Unify Gathering 2020
words & photos: Daniel Hanssen @danthegigman
To any Australian who relishes the heavy-metalcore or hardcore music scenes, last weekend’s Unify Gathering was the most important day on the music calendar. It was an interesting weekend with the weather playing a large role in the happenings over the three main days.
Thursday night’s warm-up was the perfect lead into a weekend bursting with talent with a swath of pop-punk band’s lighting up the stage for the evening. Firstly though, attendees had to fight against the wind to set-up their camping sites but it bred a sense of camaraderie into fellow campers, everyone working together to get their sites ready for a big weekend.
What followed was a night perfectly sculpted line-up for the pop-punk lover with Terra, Bad/Love, Gloom In The Corner, Honest Crooks and Windwaker. Unfortunately for Gloom In The Corner, there were electrical issues on the stage cutting down on their time to perform to the crowd, but they brought it hard and the crowd reciprocated with crowd-surfers constantly flowing over the barricade to amp up the overall feel in the tent.
Windwaker was the overall highlight for the evening with a full hour set of an energetic crowd excited for what the rest of the weekend would bring.
Friday served up some less than appetising weather, tearing tents and pulling gazebos from the ground in what turned into a psuedo-windstorm. This put a delay on the bands, seeing the day start in the early evening to wait for the weather to stop. This, of course, meant that many of the attendees had to find a way to entertain themselves in the camp making use of the BYO nature of the festival to keep themselves jovial.
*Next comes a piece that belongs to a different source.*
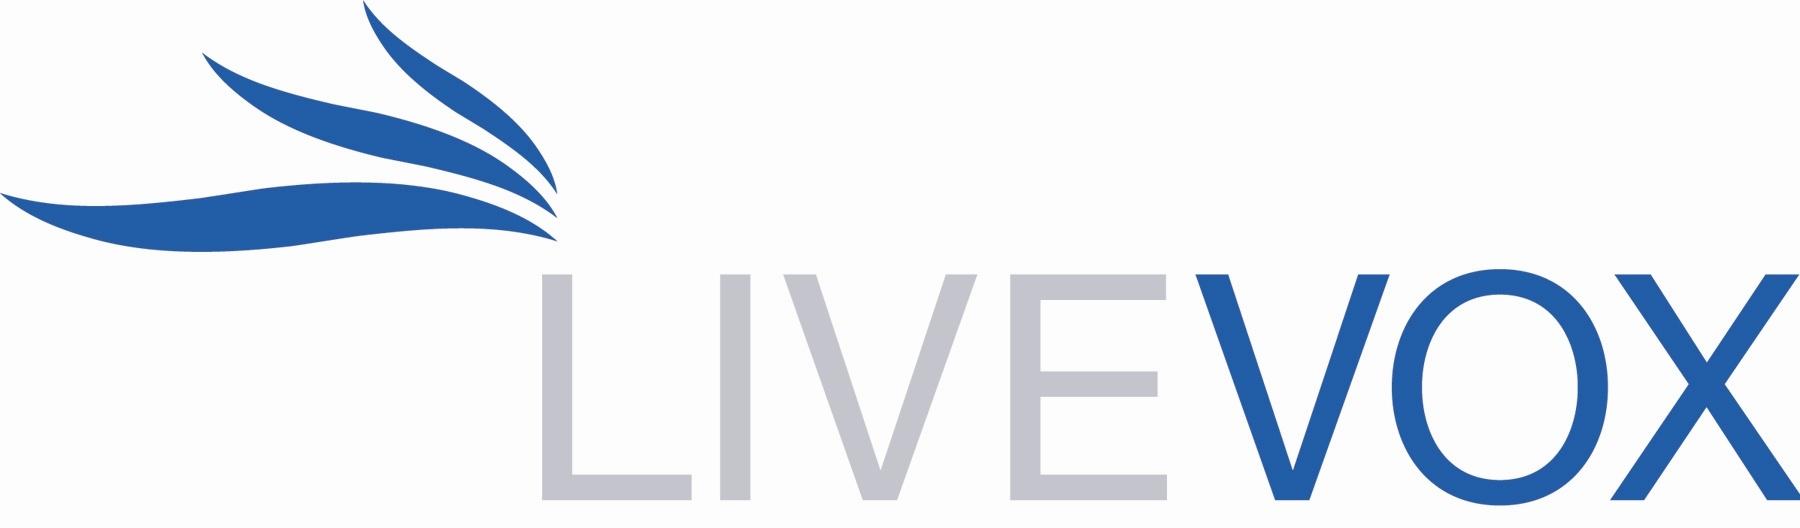 LiveVoxlogo_large_2016.jpg

One of the highlights of the day was the ‘stick-jousting’ put on by the General Admission campsite. It turned into a tournament with many participants taking part in the competition to pass the time while everyone waited out the rain. Thankfully, the organisers changed the schedule to accommodate most of the band’s allowing them to play on the second tent stage and moving those they couldn’t fit into the mega-Saturday lineup. Of course, this still meant a stacked Friday roster including bands such as Dear Seattle, Tired Lion, Silverstein and Antagonist AD. This left band’s such as Northlane and Make Them Suffer a part of the Saturday roster.
The Friday night was capped off with the majesty of Architects, the UK outfit; who was almost rained out, quelled the confusion of the crowd, who throughout the day was a little lost with major scheduling changes based on the weather. The setlist was heavy on newer tracks from Holy Hell, the groups 2018 album release as tracks “Doomsday”, “Hereafter”, “Death Is Not Defeat” and “A Match Made In Heaven” rained down from the now open main stage to finish off the shortened day.
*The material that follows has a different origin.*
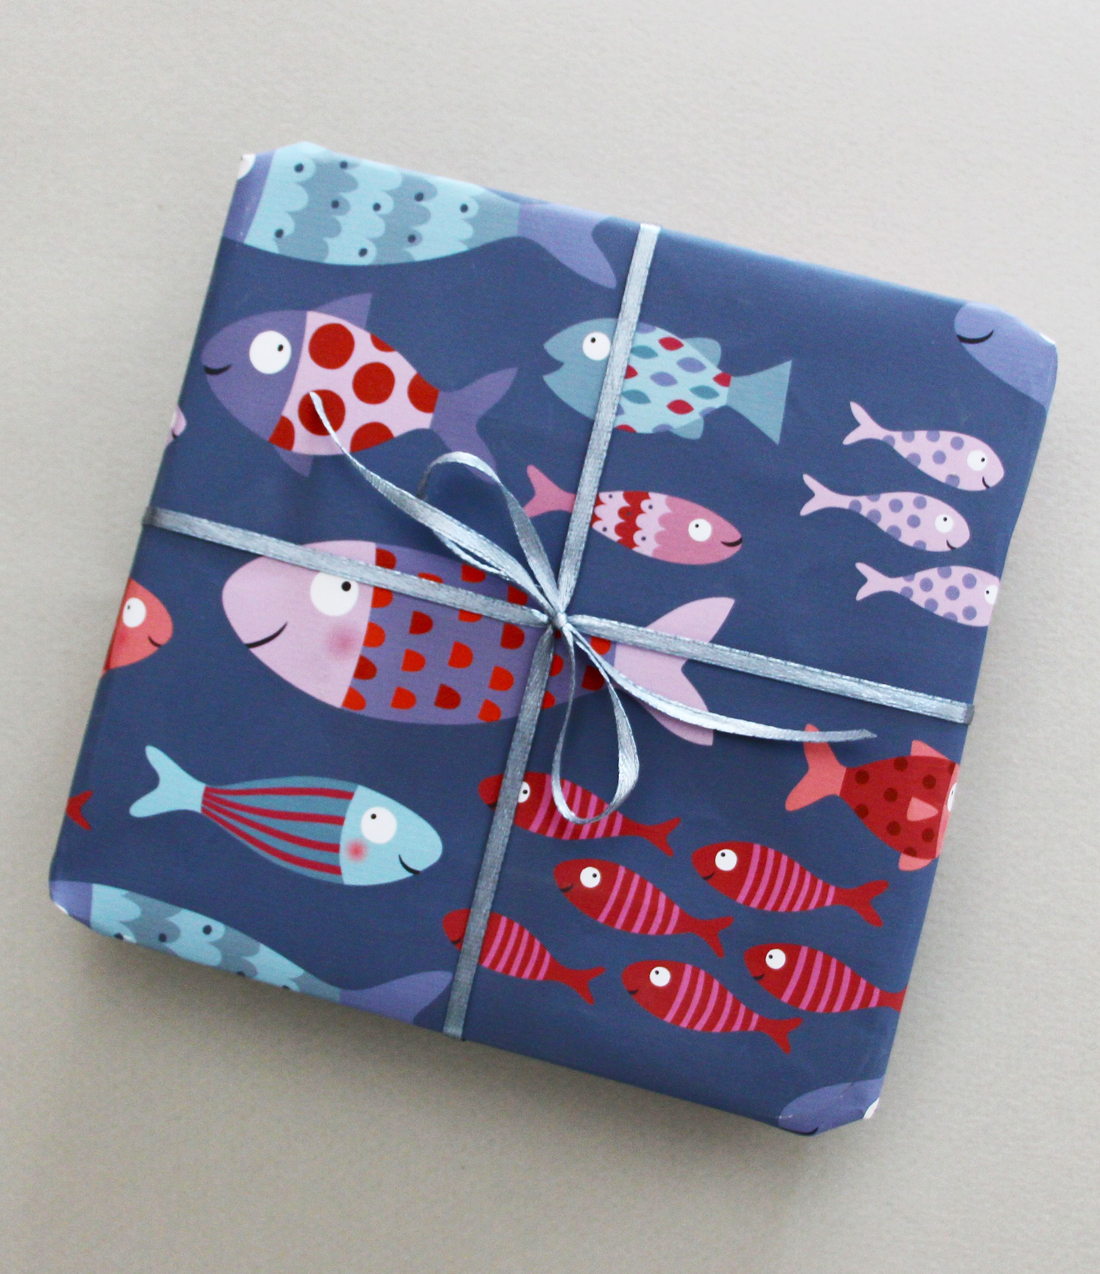 Fische « Stefanie Krauss – Design und Illustration

Saturday copped the brunt of the cancellations from the previous day, but the organisers still managed to fit in all of the band’s who had originally been rostered in to appear the day before. This meant the heavy hitters of the festival, such as Tonight Alive, Polaris, Northlane and The Ghost Inside all lined off to finish Unify Gathering 2020 off in style. Of course, Void Of Vision, Kublai Khan TX, Knocked Loose and Stray From The Path warmed up the main stage crowd before the bigger artists took hold fornn a full day of non-stop pit action.
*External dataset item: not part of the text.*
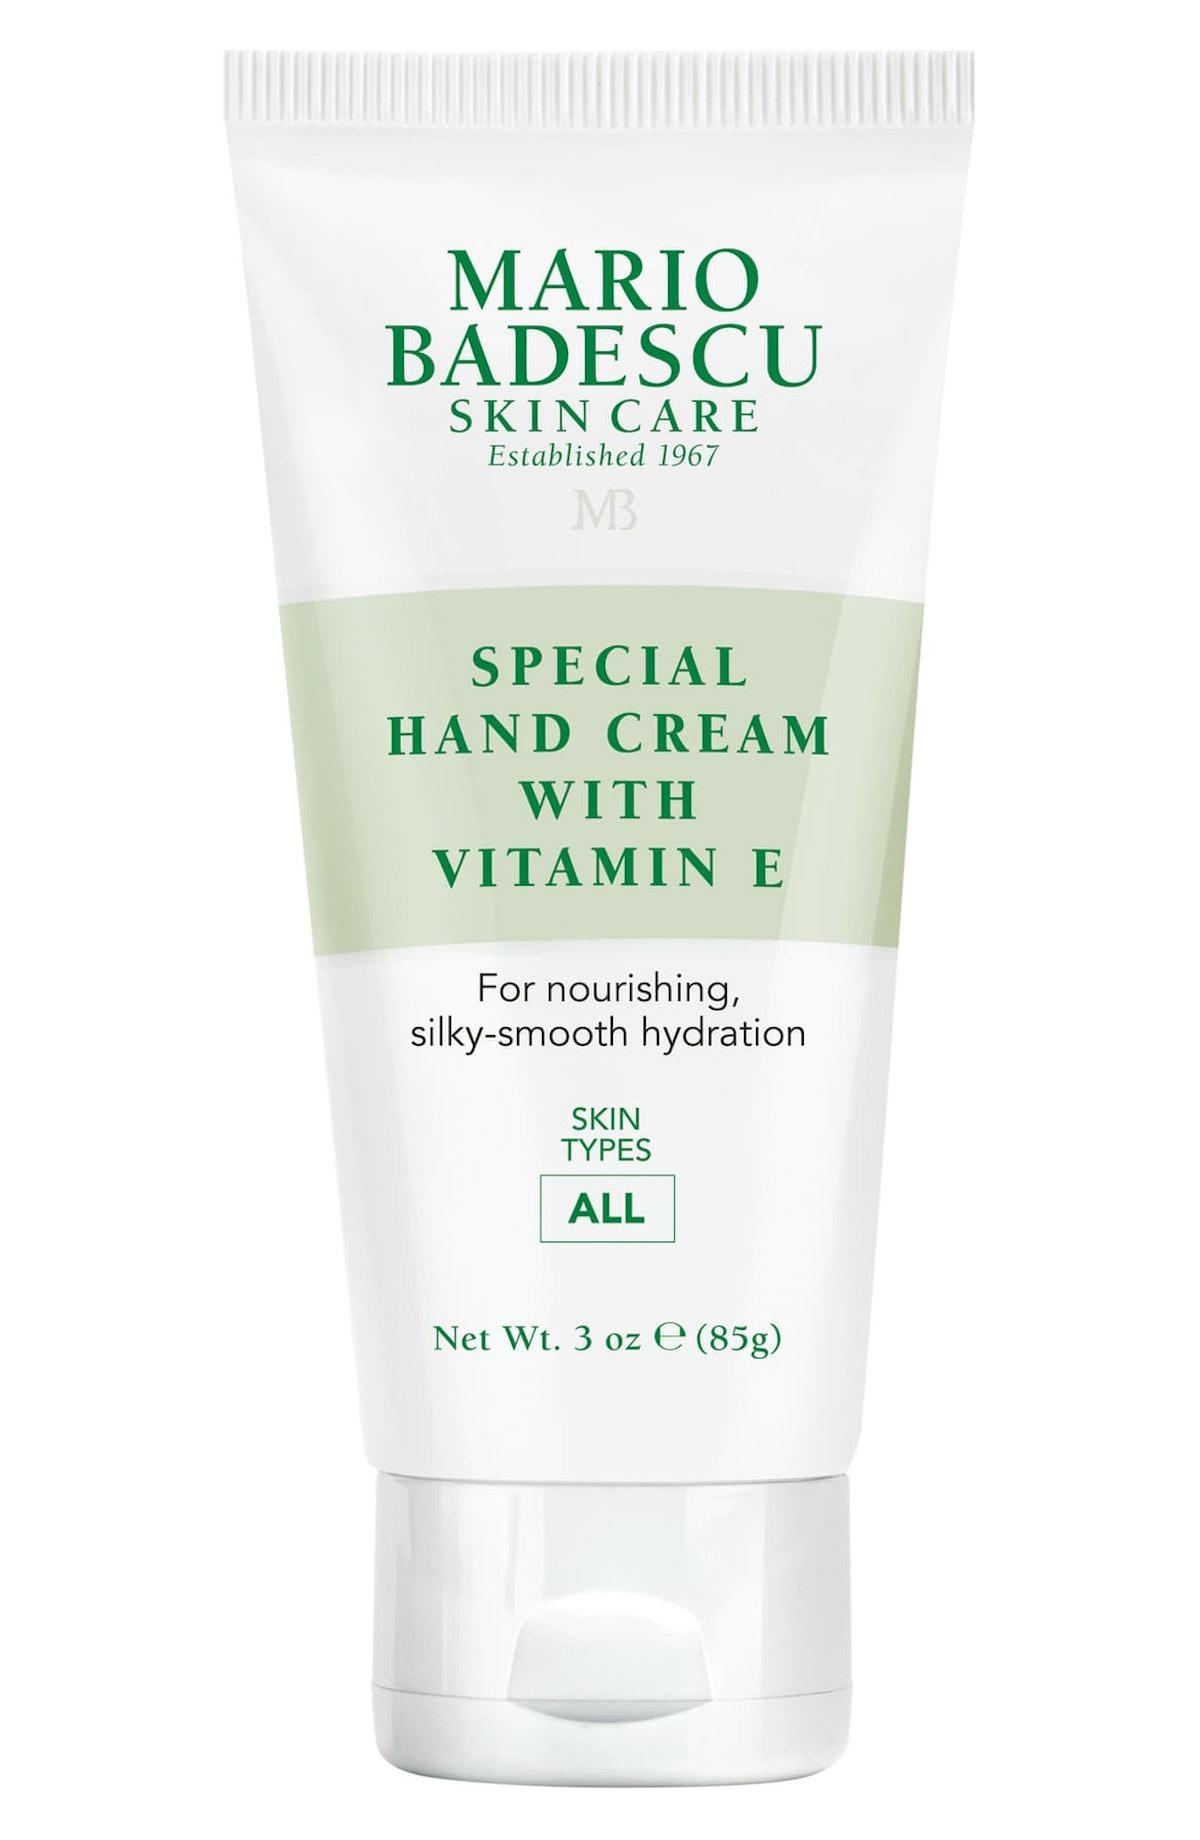 Special Hand Cream with Vitamin E

Polaris and Northlane brought the Australian metalcore to the forefront of the stage before the finale, powering through some invigorating hits of their albums and stirring up some of the wildest circle pits the festival had seen thus far. Polaris had an especially wild pit, with lead screamer Jamie Hails constantly egging the crowd on to make more excessive pits.
The Ghost Inside closed out the entire line-up newly returned after a horror tour bus crash four years ago, Jonathon Vigil and Co. returned with a renewed vigour and outlook on life with nearly all of the members scarred from the crash. Their setlist was a behemoth of production and sound with Jonathon vocals not seeming to have lost a beat in the crews time away from touring.
Their seventy-minute long set was stacked with tracks from their discography seeing top tracks such as “Engine 45”, “Dark Horse”, “Move Me” and “Dear Youth (Day 52)” all move the crowd. Yet, it wasn’t just the music that managed to move the crowd, never before has a band seen such respect from a crowd; as Vigil looked back on the crash and the experiences that have borne from it, the crowd, without prompt sat down to listen, struggling to tear their ears from the tale that Vigil weaved on stage alongside bassist Jim Riley. This was followed by the revelation that both Polaris and Northlane turned down the scales of their set production to push The Ghost Inside’s set as the most exciting of the night, raising a round of applause from the crowd.
While the weather heavily affected the outcomes of the weekend, UNIFY Gathering 2020 managed to take the punches in its stride with organisers still managing to let fans see all of the bands while keeping the revellers safe throughout the duration of the festival. Both the line-up and food was worth the wait and the festival which gathers energy through a rarely celebrated scene can pat itself on the back for putting together such a worthwhile iteration.